Don Rogers

Personal information
- Full name: Don Rogers
- Born: 5 December 1947 (age 77)

Playing information
- Position: Wing
Club
| Years | Team | Pld | T | G | FG | P |
| 1969–72 | Western Suburbs | 50 | 38 | 0 | 0 | 114 |
| 1973–74 | Canterbury-Bankstown | 27 | 12 | 0 | 0 | 36 |
| 1975–76 | Western Suburbs | 49 | 10 | 0 | 0 | 30 |
|  | Total | 126 | 60 | 0 | 0 | 180 |
- Source: As of 4 July 2019

= Don Rogers (rugby league) =

Australian rugby league footballer

Don Rogers nicknamed "Chimpy" is an Australian former rugby league footballer who played in the 1960s and 1970s. He played for the Western Suburbs Magpies and Canterbury-Bankstown in the New South Wales Rugby League (NSWRL) competition.

==Playing career==
Rogers made his first grade debut for Western Suburbs in 1969. Between 1970 and 1972, Rogers finished as the club's top try scorer although his time at Wests was not very successful with the side finishing last in 1971.

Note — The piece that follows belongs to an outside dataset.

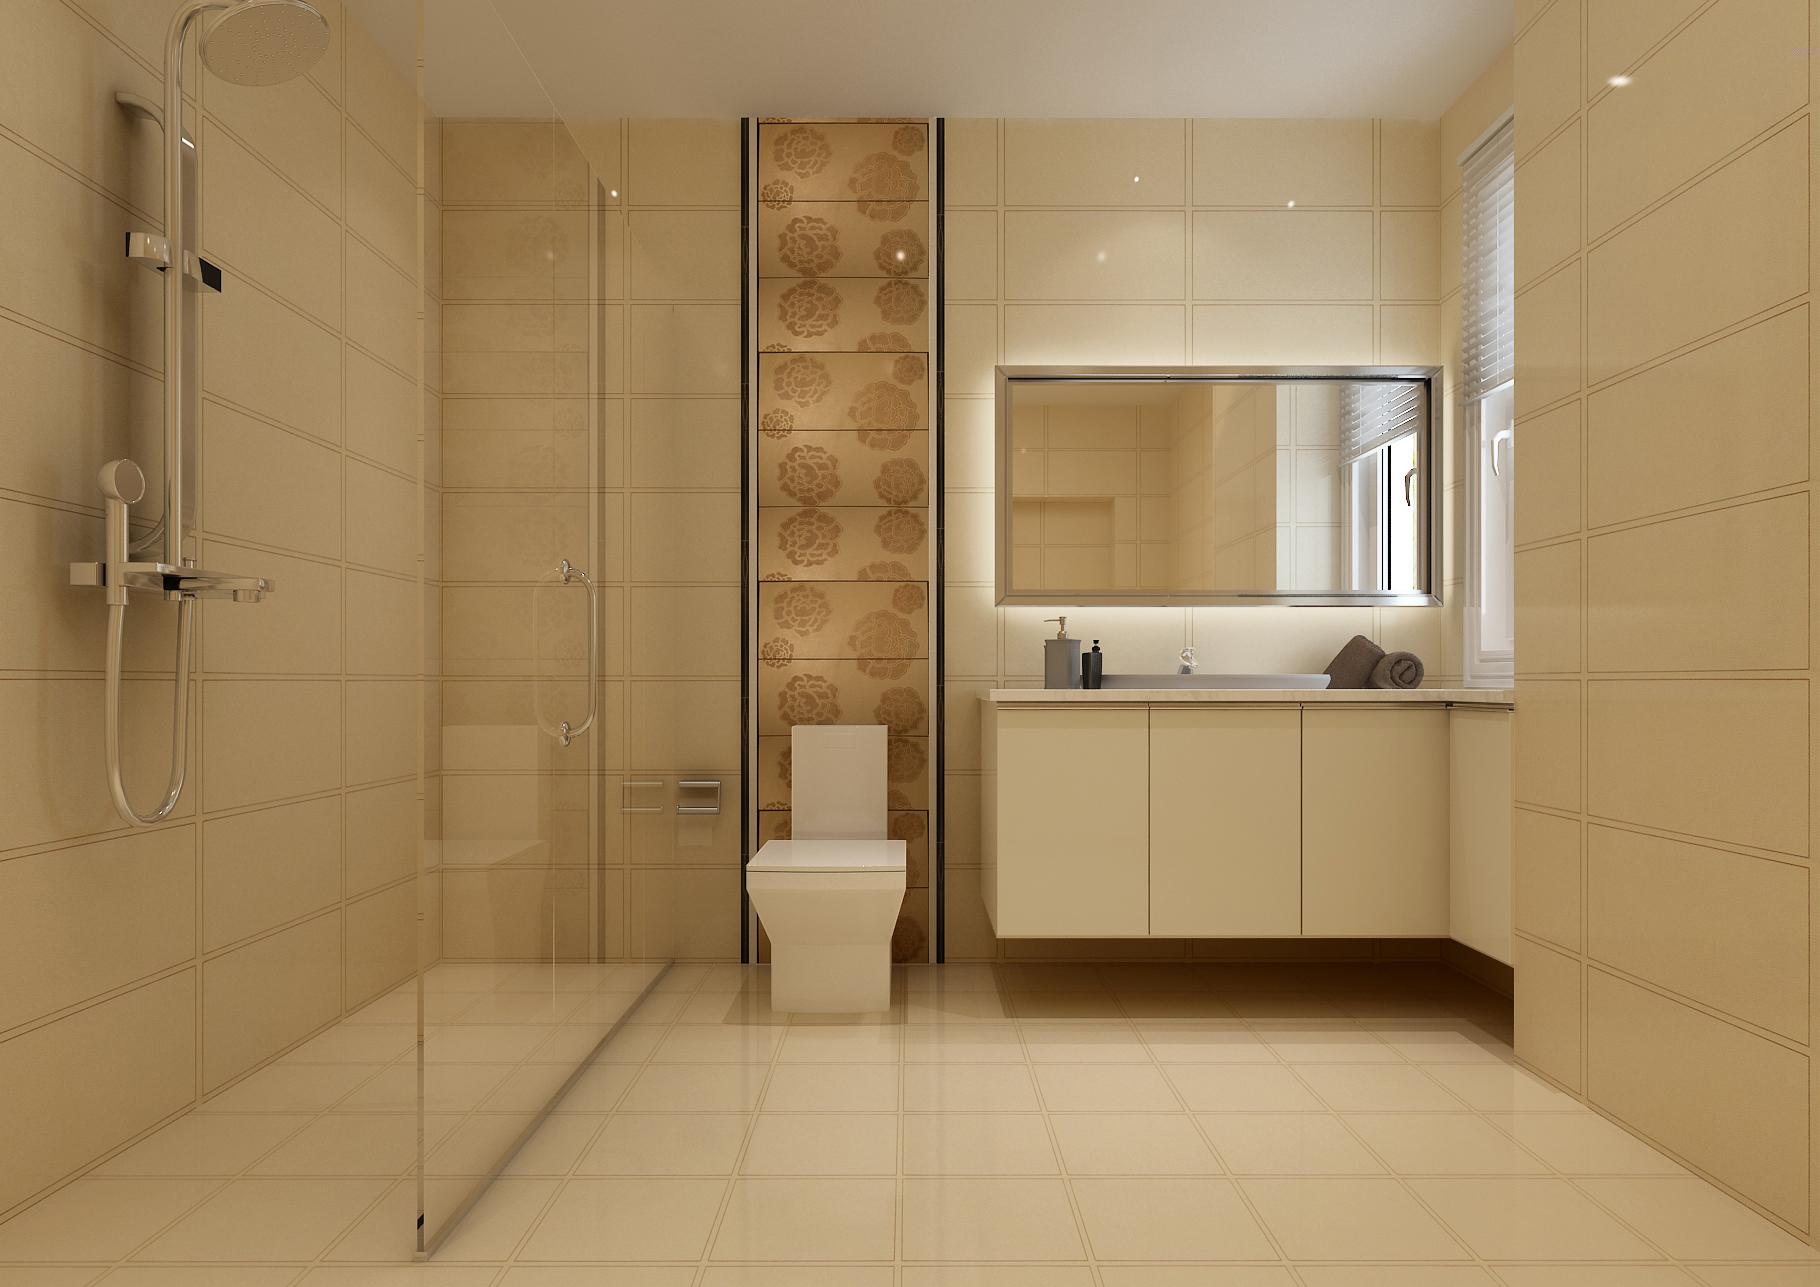 现代简约卫生间装修效果图欣赏
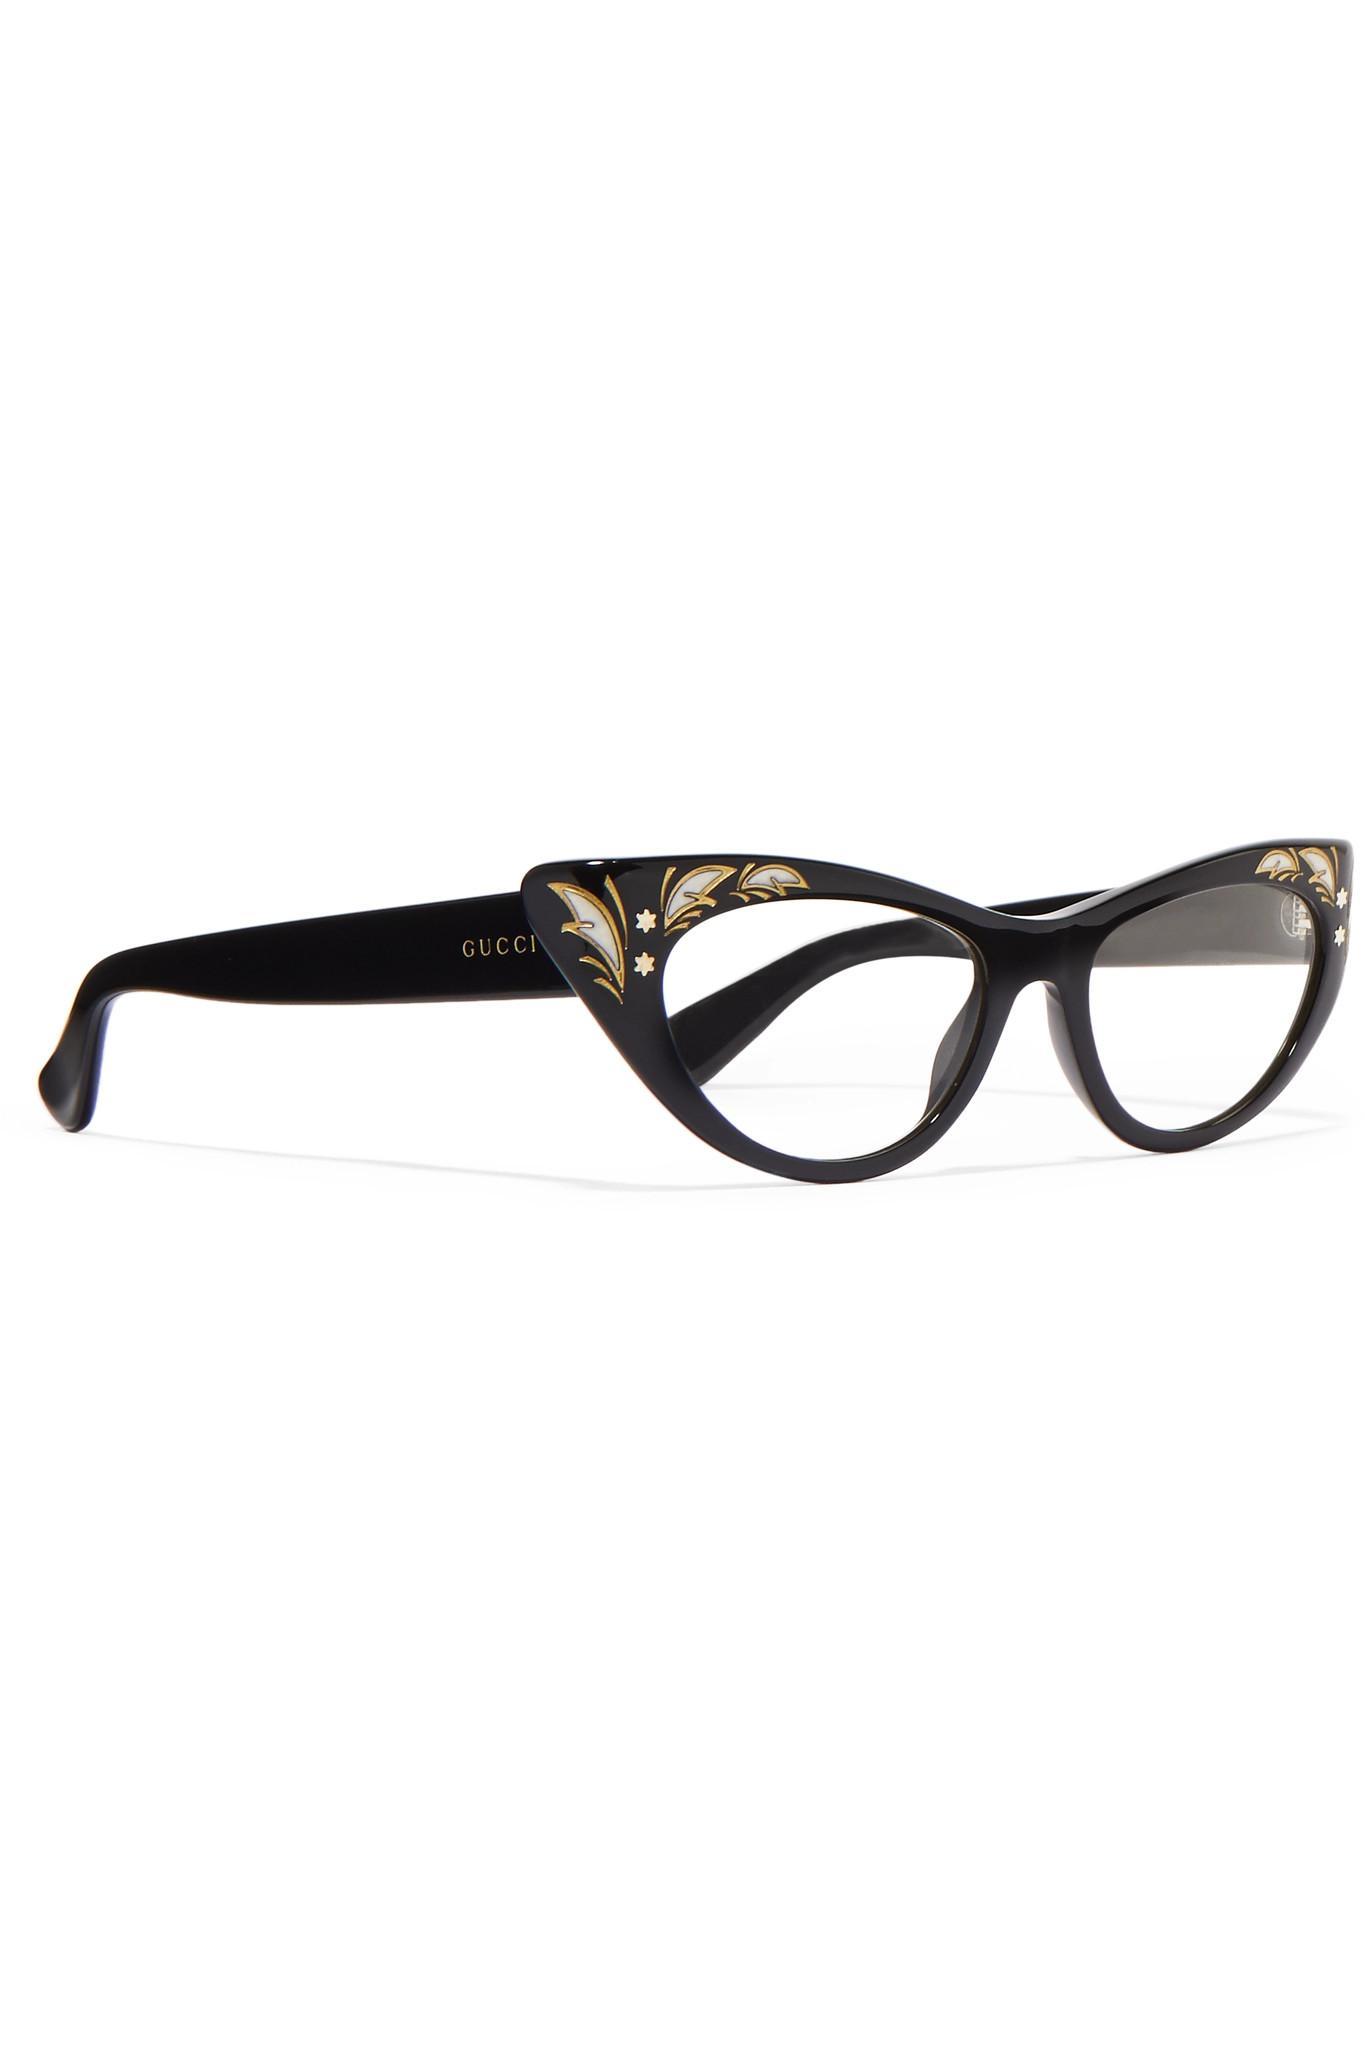 8e6da18759 Lyst - Gucci Cat-eye Acetate Optical Glasses in Black

In 1973, Rogers joined Canterbury-Bankstown and played every game in his first season at the club including their semi final defeat against Newtown. The following year, Rogers was limited to only 4 games and did not play in Canterbury's grand final defeat against Eastern Suburbs.

In 1975, Rogers returned to Western Suburbs and played 2 seasons with the club before retiring at the end of 1976.